§ **Activity**:
Print the records below exactly as they appear.

***

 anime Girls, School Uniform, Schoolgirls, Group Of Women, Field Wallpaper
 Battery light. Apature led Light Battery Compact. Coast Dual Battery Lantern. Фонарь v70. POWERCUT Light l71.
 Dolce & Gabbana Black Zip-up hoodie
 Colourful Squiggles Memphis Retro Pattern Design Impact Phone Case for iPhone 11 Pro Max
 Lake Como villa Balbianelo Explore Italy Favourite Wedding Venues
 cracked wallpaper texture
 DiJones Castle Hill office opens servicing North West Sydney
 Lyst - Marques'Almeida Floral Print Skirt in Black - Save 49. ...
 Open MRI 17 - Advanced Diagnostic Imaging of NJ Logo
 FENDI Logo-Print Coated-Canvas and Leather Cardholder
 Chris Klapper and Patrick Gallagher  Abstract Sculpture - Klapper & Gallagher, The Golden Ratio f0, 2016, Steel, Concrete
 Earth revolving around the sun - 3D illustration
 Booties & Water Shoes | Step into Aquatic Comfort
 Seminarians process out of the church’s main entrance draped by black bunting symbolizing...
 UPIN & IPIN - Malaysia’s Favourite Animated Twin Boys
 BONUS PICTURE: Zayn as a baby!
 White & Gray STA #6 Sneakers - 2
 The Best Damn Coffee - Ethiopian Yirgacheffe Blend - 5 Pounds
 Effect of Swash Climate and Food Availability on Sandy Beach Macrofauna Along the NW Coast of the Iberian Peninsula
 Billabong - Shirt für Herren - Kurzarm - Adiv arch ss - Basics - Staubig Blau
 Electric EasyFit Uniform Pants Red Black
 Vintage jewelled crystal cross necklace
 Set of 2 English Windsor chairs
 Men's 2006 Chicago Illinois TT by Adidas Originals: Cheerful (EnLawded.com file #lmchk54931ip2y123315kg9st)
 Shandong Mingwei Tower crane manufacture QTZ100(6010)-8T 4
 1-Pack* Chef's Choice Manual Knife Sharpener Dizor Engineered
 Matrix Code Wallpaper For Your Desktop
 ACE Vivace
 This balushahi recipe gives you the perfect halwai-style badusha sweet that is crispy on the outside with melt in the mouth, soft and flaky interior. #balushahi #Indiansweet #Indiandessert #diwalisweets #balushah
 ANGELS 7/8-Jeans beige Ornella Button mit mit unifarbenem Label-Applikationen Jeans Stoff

***

§ **Task output**:
 anime Girls, School Uniform, Schoolgirls, Group Of Women, Field Wallpaper
 Battery light. Apature led Light Battery Compact. Coast Dual Battery Lantern. Фонарь v70. POWERCUT Light l71.
 Dolce & Gabbana Black Zip-up hoodie
 Colourful Squiggles Memphis Retro Pattern Design Impact Phone Case for iPhone 11 Pro Max
 Lake Como villa Balbianelo Explore Italy Favourite Wedding Venues
 cracked wallpaper texture
 DiJones Castle Hill office opens servicing North West Sydney
 Lyst - Marques'Almeida Floral Print Skirt in Black - Save 49. ...
 Open MRI 17 - Advanced Diagnostic Imaging of NJ Logo
 FENDI Logo-Print Coated-Canvas and Leather Cardholder
 Chris Klapper and Patrick Gallagher  Abstract Sculpture - Klapper & Gallagher, The Golden Ratio f0, 2016, Steel, Concrete
 Earth revolving around the sun - 3D illustration
 Booties & Water Shoes | Step into Aquatic Comfort
 Seminarians process out of the church’s main entrance draped by black bunting symbolizing...
 UPIN & IPIN - Malaysia’s Favourite Animated Twin Boys
 BONUS PICTURE: Zayn as a baby!
 White & Gray STA #6 Sneakers - 2
 The Best Damn Coffee - Ethiopian Yirgacheffe Blend - 5 Pounds
 Effect of Swash Climate and Food Availability on Sandy Beach Macrofauna Along the NW Coast of the Iberian Peninsula
 Billabong - Shirt für Herren - Kurzarm - Adiv arch ss - Basics - Staubig Blau
 Electric EasyFit Uniform Pants Red Black
 Vintage jewelled crystal cross necklace
 Set of 2 English Windsor chairs
 Men's 2006 Chicago Illinois TT by Adidas Originals: Cheerful (EnLawded.com file #lmchk54931ip2y123315kg9st)
 Shandong Mingwei Tower crane manufacture QTZ100(6010)-8T 4
 1-Pack* Chef's Choice Manual Knife Sharpener Dizor Engineered
 Matrix Code Wallpaper For Your Desktop
 ACE Vivace
 This balushahi recipe gives you the perfect halwai-style badusha sweet that is crispy on the outside with melt in the mouth, soft and flaky interior. #balushahi #Indiansweet #Indiandessert #diwalisweets #balushah
 ANGELS 7/8-Jeans beige Ornella Button mit mit unifarbenem Label-Applikationen Jeans Stoff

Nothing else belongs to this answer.